You guys know how much I like the Financial Conditions graph. Look how quickly financial conditions tightened with the outbreak, and then how quickly they eased with the intermeeting rate cut.
My issue is the Fed could have just talked about cutting rates and achieved much of the same result without an actual cut. Is cutting 50bps last week instead of March 18th really what will prevent markets from collapsing? Because it didn’t really seem to soothe stock markets. And now the Fed is basically committed to another cut next week because it has never had an intermeeting cut and then not cut at the following meeting.
We have a very clear pattern. The market bullies the Fed, and the Fed caves. And now the Fed is handing over its lunch money every time the bully demands it. I’m not sure I really want a staring contest between the two, but I’m also not sure how we break the cycle otherwise.
After the first cut in 2001, it was more than three years before the Fed hiked again.
After the 2007 cut, it was almost ten years before the Fed hiked again.
We have no way of knowing when the Fed’s next hike is, but it’s probably not anytime soon.
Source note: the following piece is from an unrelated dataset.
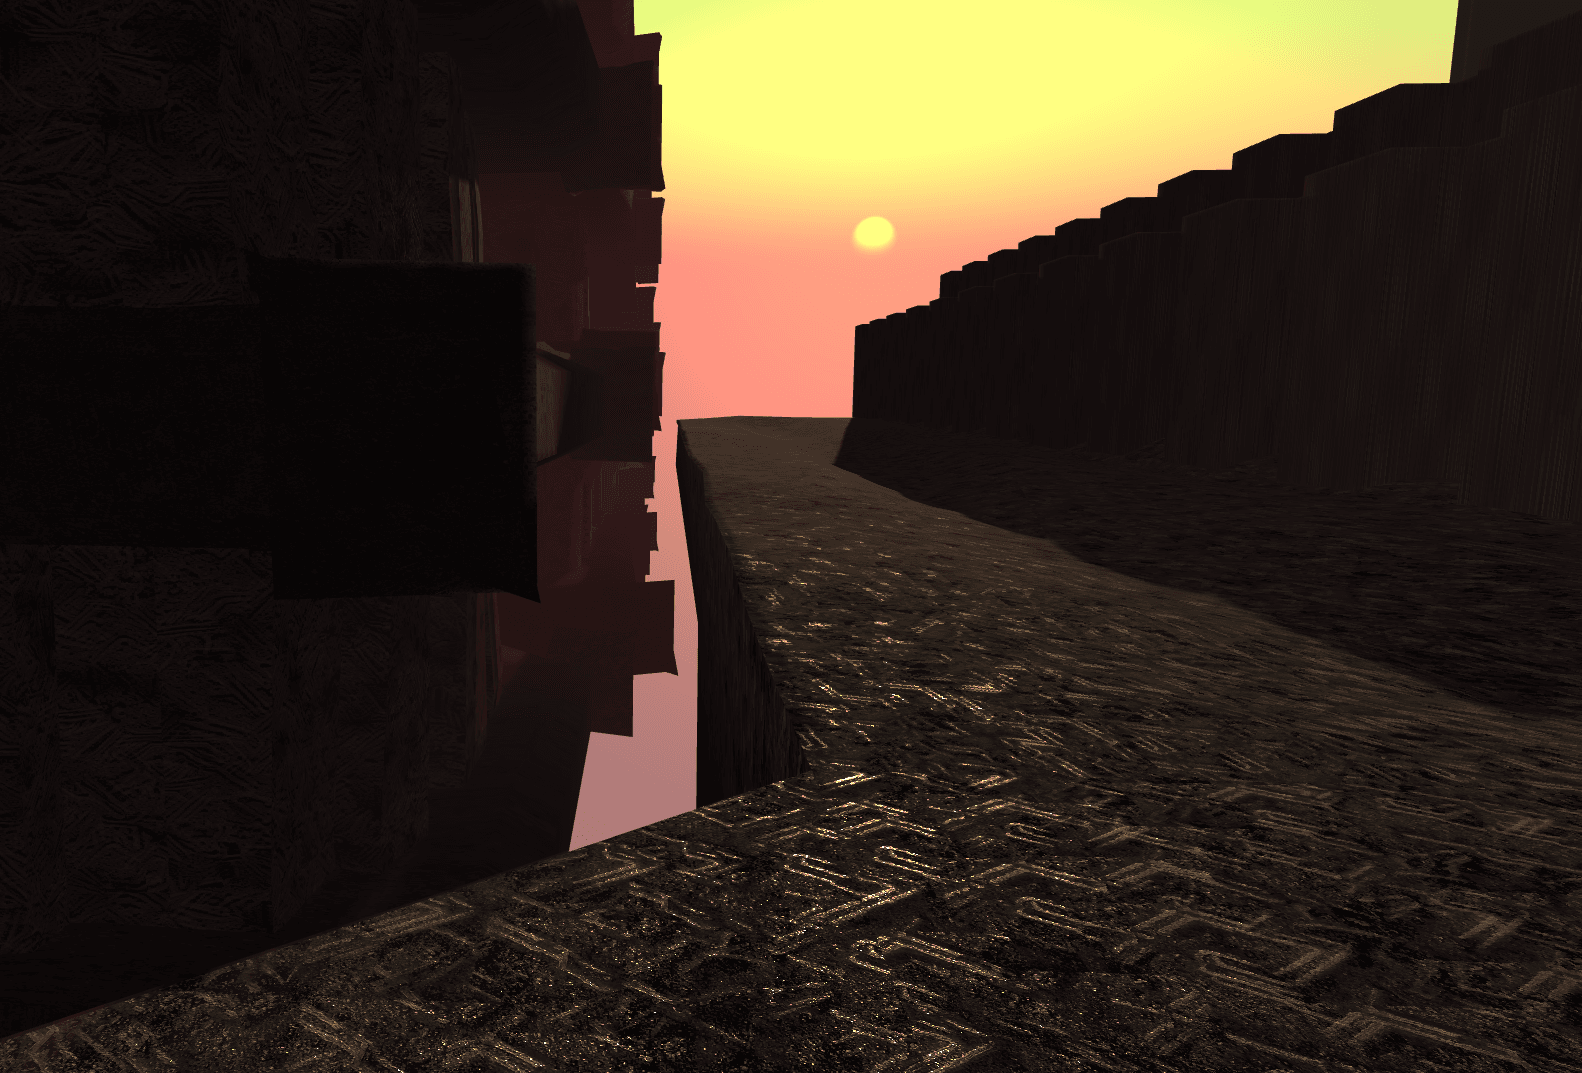 A screenshot of the bridge scene.  It shows a pastel-colored sky in the background with a yellow sun disc.  There are some floating geometric monoliths on the left, and some dark wall-like structures on the right casting prominent shadows.  The ground looks to be rocky with embedded metal that reflects golden in the light.

And there continues to be a very real chance the Fed cuts rates to 0% at some point this year.
10 Year Treasury
The 10T has fallen 0.81% in the last three weeks, a drop of more than 50%. To put this into perspective, in the three weeks after 9/11 the T10 fell 65bps, a drop of just 13%. It wasn’t until a year later when the war efforts were ramping up and equities collapsed that the T10 dropped by a third.
In fact, the drop in the last few weeks is far more similar to the response after the banking collapse in October 2008, when the 10 Year Treasury fell from 4.00% to 2.00% in just three weeks.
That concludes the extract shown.